In their affidavit supporting the petition for the preliminary attachment, petitioners had alleged that defendants had concealed that their right to the land had ceased, that they have removed or concealed, or about to remove or conceal or dispose of their property to defraud their creditors, and that there is no other security for claim of the plaintiffs. These allegations are expressly traversed in the supplementary motion to dismiss, which contains the following statements: that plaintiffs knew that defendants had no long-term lease to the property, that plaintiffs' allegation that the defendants are about to remove, conceal or dispose of their properties is a lie, that it is not true that there is no other property of defendants against which plaintiffs' claims could be enforced, etc. The above allegations of the supplementary motion put in issue the facts alleged in the plaintiffs' affidavit, and it was then incumbent upon plaintiffs to prove the facts in issue either by affidavits or depositions, or by other forms of evidence (Rule 123, Sec. 100.) The affidavit supporting the petition for the issuance of the preliminary attachment may have been sufficient to justify the issuance of the preliminary writ, but it cannot be considered as proof of the allegations contained in the affidavit. The reason is obvious. The allegations are mere conclusions of law, not statement of facts. No acts of the defendants are ever mentioned in the affidavit to show or prove the supposed concealment to defraud creditors. Said allegations are affirmative allegations, which plaintiffs had the obligation to prove (Sec. 70, Rule 123.) As to the alleged absence of any properties of defendants to respond for plaintiffs' claim, the defendants stated in their supplementary motion that they did have properties, a restaurant, a piano, a refrigerator, and real estate in Mandaluyong. This statement of new fact was not denied by plaintiffs.

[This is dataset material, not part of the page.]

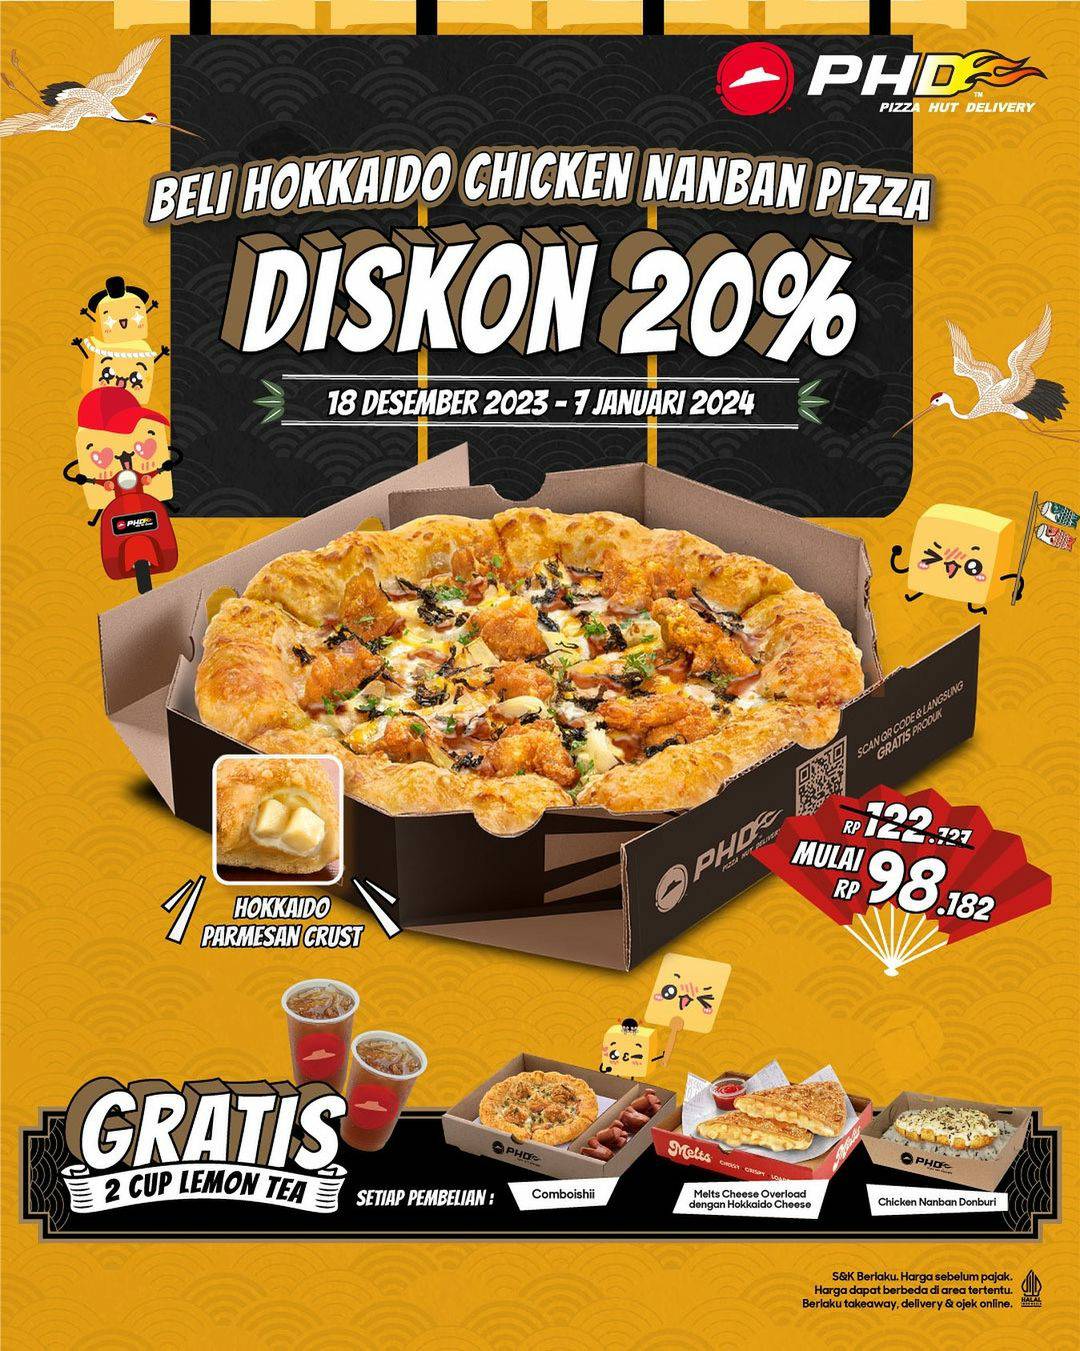 Promo PHD Beli Hokkaido Chicken Nanban Diskon 20%
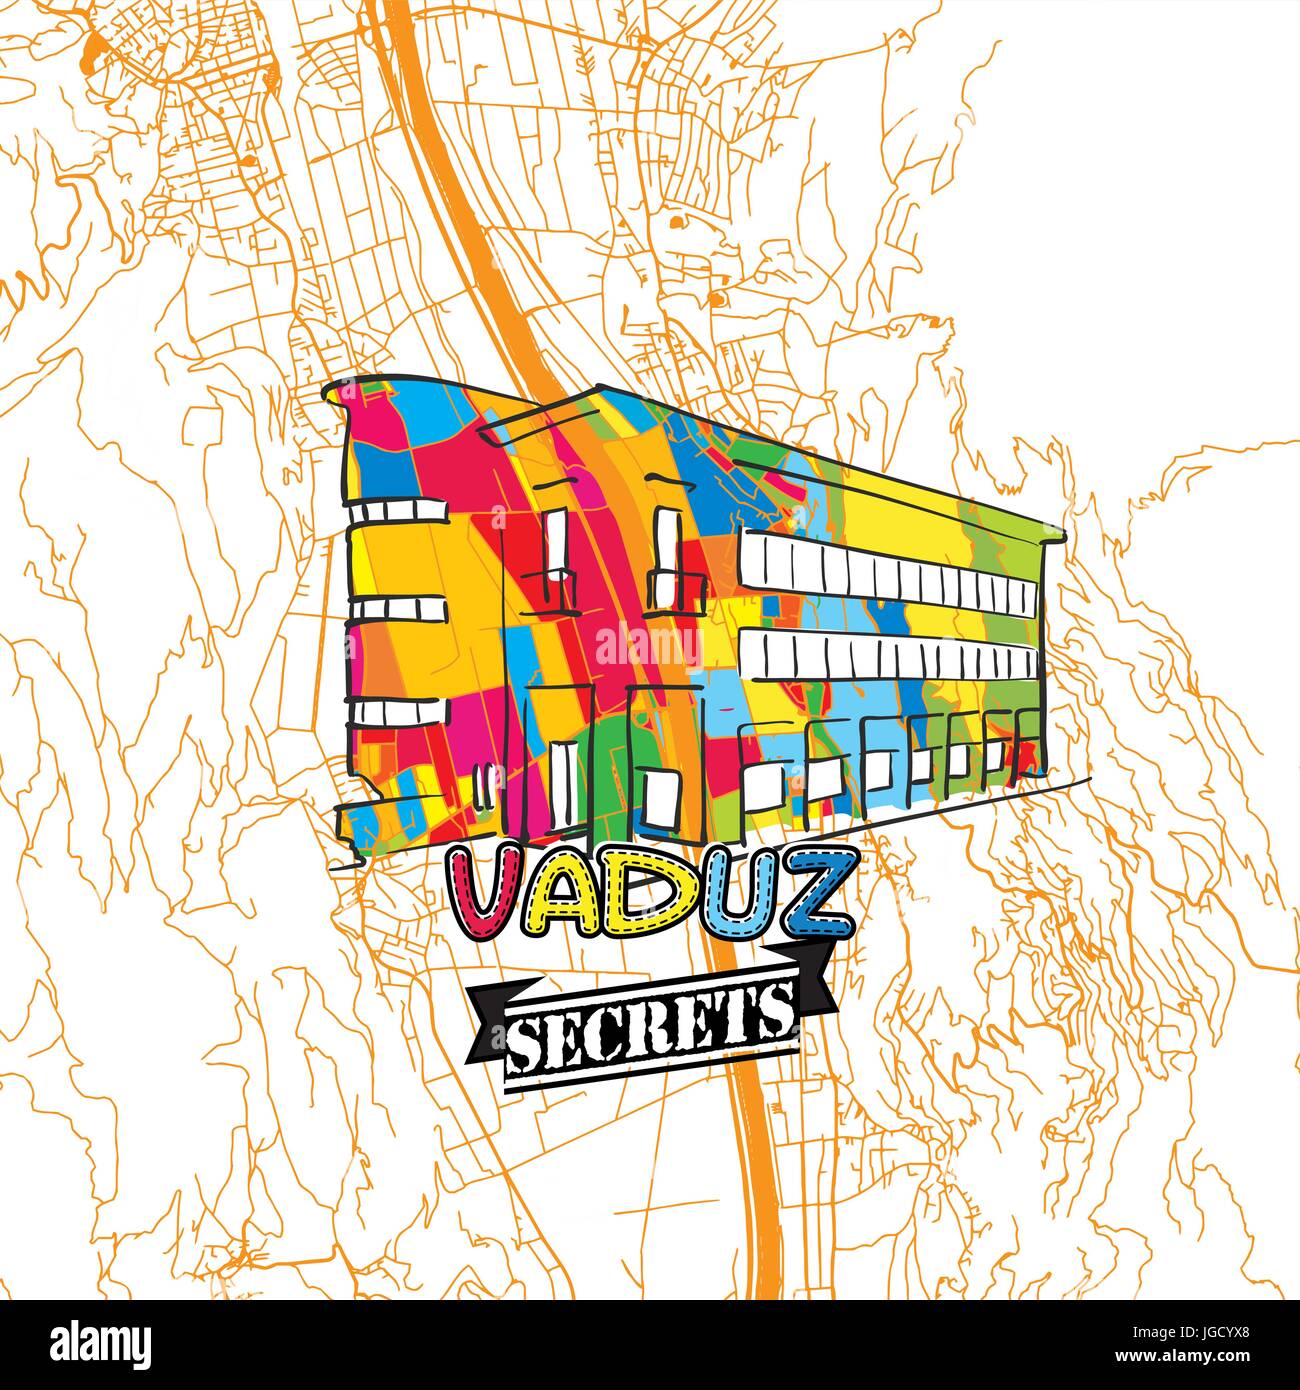 Voyage Vaduz Art Secrets Site pour la cartographie des experts et des guides de voyage. Le logo de la ville à la main, typo de badge et dessinés à la main sur le dessus de l'image vectorielle sont regroupés et Illustration de Vecteur

It is evident, therefore, that the resolution of the motion to dissolve was submitted to the court without plaintiffs having in any way complied with their legal obligation to prove or show the truth of their affirmative allegations. Furthermore, the allegations of facts in the supplementary motion to dissolve are such as are natural, logical and credible, more worthy of belief than the bare generalized assertions of supposed fraud, supposed concealment or alienation, contained in the affidavit of plaintiffs. Under the circumstances, the respondent could not have made any other ruling than that the attachment had been improperly issued and should, therefore, be dissolved.
The petition must be, as it hereby is, denied, and the preliminary injunction issued dissolved, with costs against petitioners.
Paras, C. J., Pablo, Bengzon, Padilla, Tuason, Montemayor, Reyes, Jugo and Bautista Angelo, JJ., concur.